2.3.3 Importance Sampling

Nabian et al. [70] proposed a sampling strategy for efficient training of PINNs based on an approximation method called importance sampling [80], which is often used in reinforcement learning for approximating the expected reward based on the older policy [81, 82]. In optimisation, the optimal parameters \({\varvec {\theta}} ^{*}\) is defined such that

$$\begin{aligned} {\varvec {\theta}} ^{*}&= \underset{{ {\varvec{\theta }} }}{{\text {argmin}}} \ {\mathbb {E}}_{f} \left[ {\mathcal {L}} ({\varvec {\theta}}) \right] \\&\approx \underset{{ {\varvec {\theta}} }}{{\text {argmin}}} \ \frac{1}{N} \sum _{j=1}^{N} {\mathcal {L}} ({\varvec {\theta}}; {\mathbf {x}}_{j} ), \quad {\mathbf {x}}_{j} \sim {f}({\mathbf {x}}), \end{aligned}$$

(15)

where \({\mathbb {E}}_{f} \left[ {\mathcal {L}} ({\varvec {\theta}})\right]\) is the expected value of the total loss \({\mathcal {L}}\), when the collocation points are sampled from f the sampling distribution in the physical domain \({\mathbf {x}}_{j} \in {\varvec{\Omega }}\).

Typically, we use a uniform distribution for sampling the collocation points. In importance sampling, the collocation points are drawn from an alternative sampling distribution \(q\left( x \right)\), and the NN parameters are approximated as per Eq. 16 instead of Eqs. 5 and 6.

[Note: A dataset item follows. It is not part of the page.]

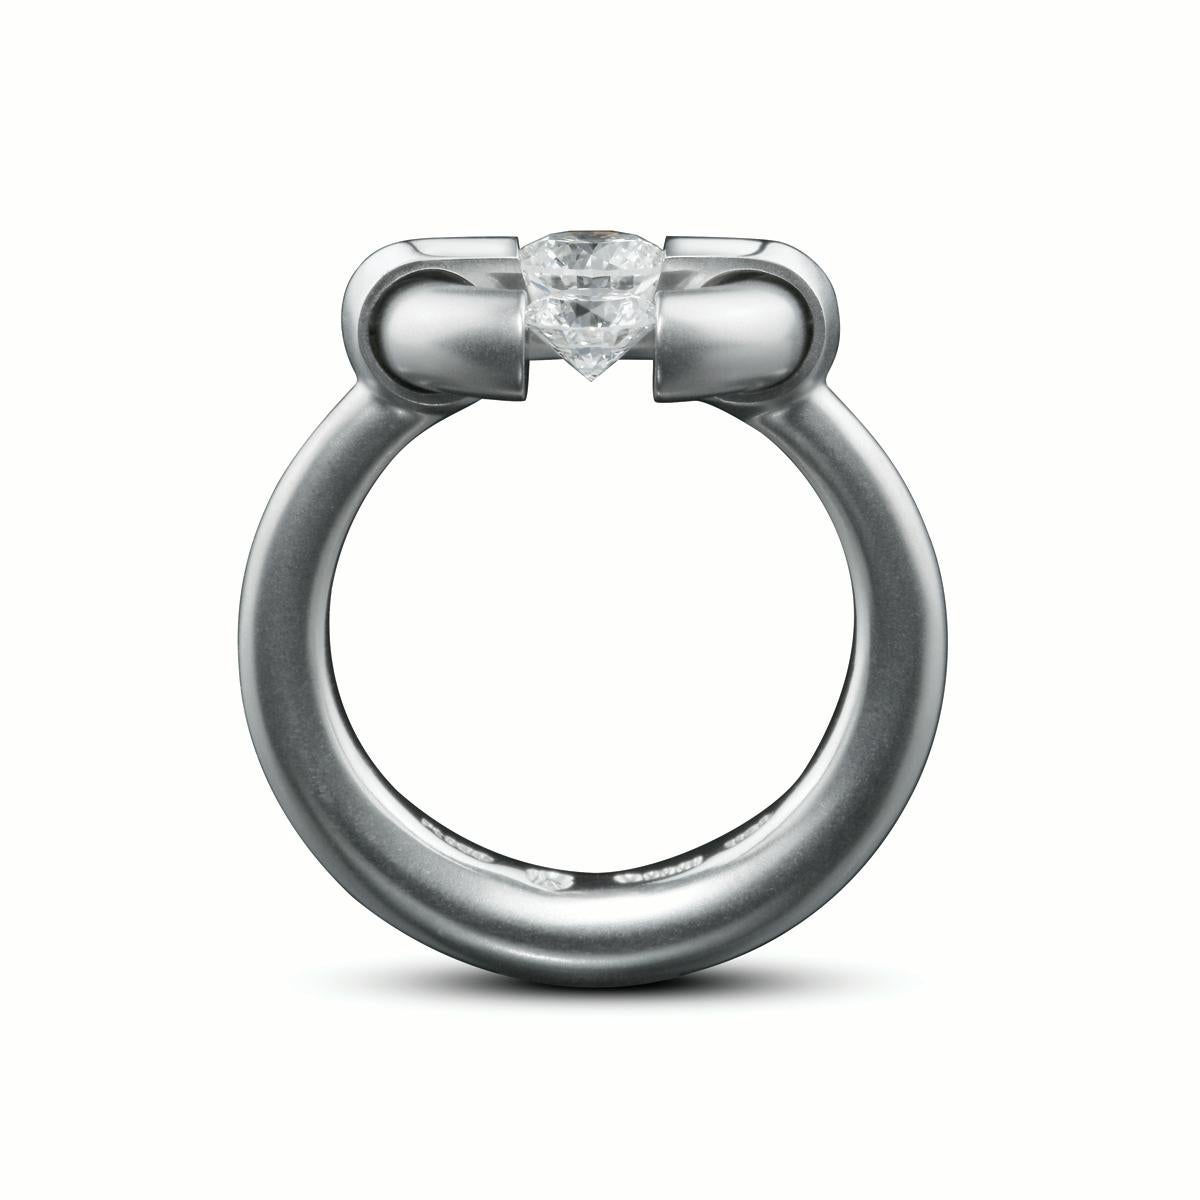 The Steven Kretchmer 2-Stone Jazz ring with 2 Tension-Set diamonds is handcrafted in platinum with a half matte finish. The ring features two round brilliant diamonds, one tension-set 0.33ct. F/Si1 stone on the edge and one 0.50ct. F/Si1 tension-set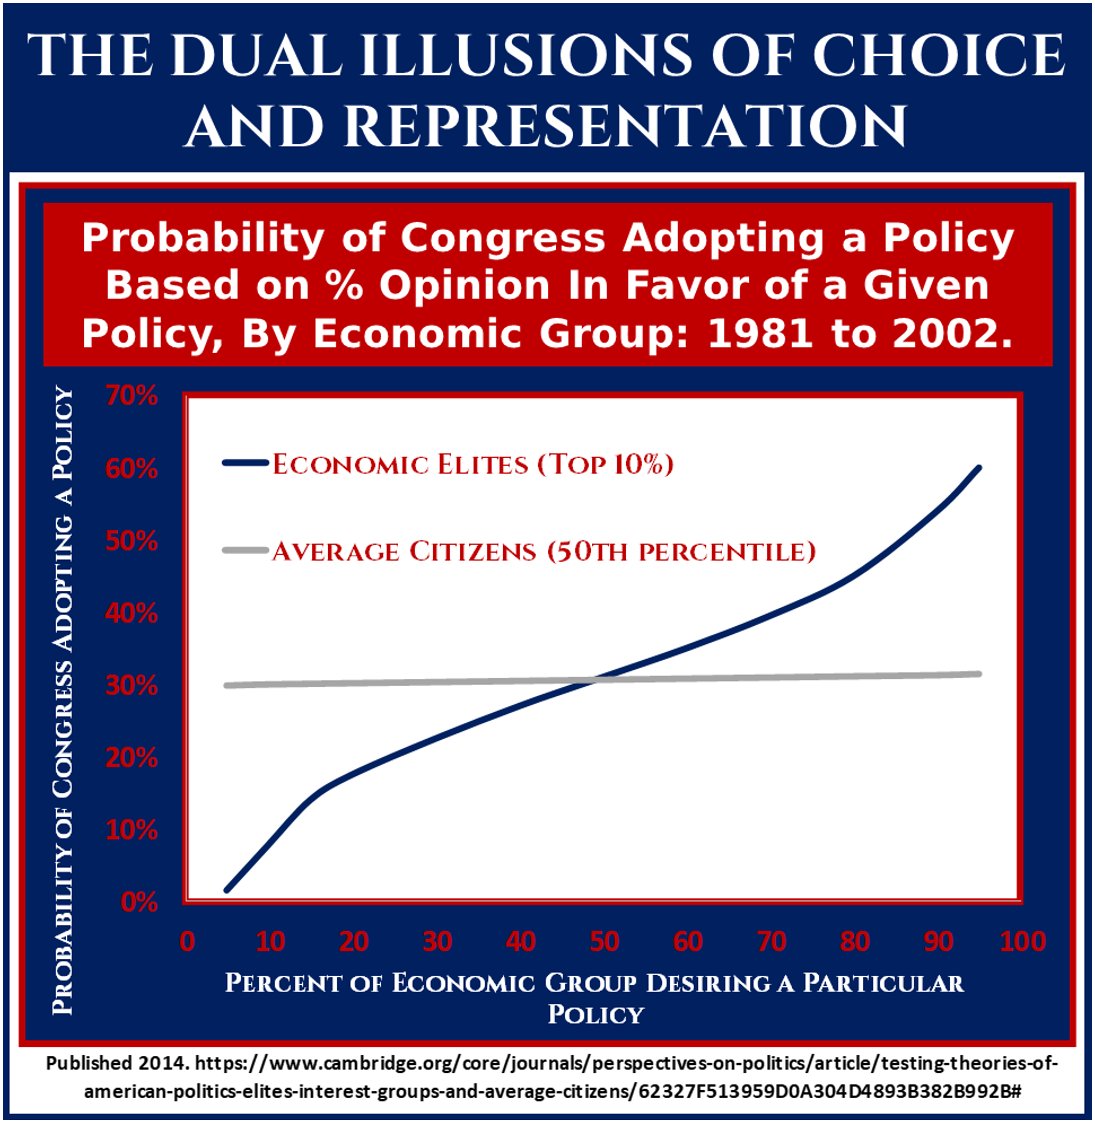 5. B/c both houses could more easily come under 1 set of forces, it ignited a bidding war on House & Senate seats. The value of both seats skyrocketed, & put the congress firmly under the control of the Ruling Elites.Now, congress is only responsive to the Elites. No Check.

$${\varvec {\theta}} ^{*} \approx \underset{{ {\varvec {\theta}} }}{{\text {argmin}}} \ \frac{1}{N} \sum _{j=1}^{N} \frac{f({\mathbf {x}}_{j})}{q({\mathbf {x}}_{j})} {\mathcal {L}} ({\varvec {\theta}}; {\mathbf {x}}_{j} ), \quad {\mathbf {x}}_{j} \sim q({\mathbf {x}}).$$

(16)

Sampling the collocation points in each epoch according to \(q\left( x \right)\) (Eq. 17), i.e. a distribution proportional to the loss function \({\mathcal {L}}\) improves the efficiency of PINNs without introducing a hyperparameter.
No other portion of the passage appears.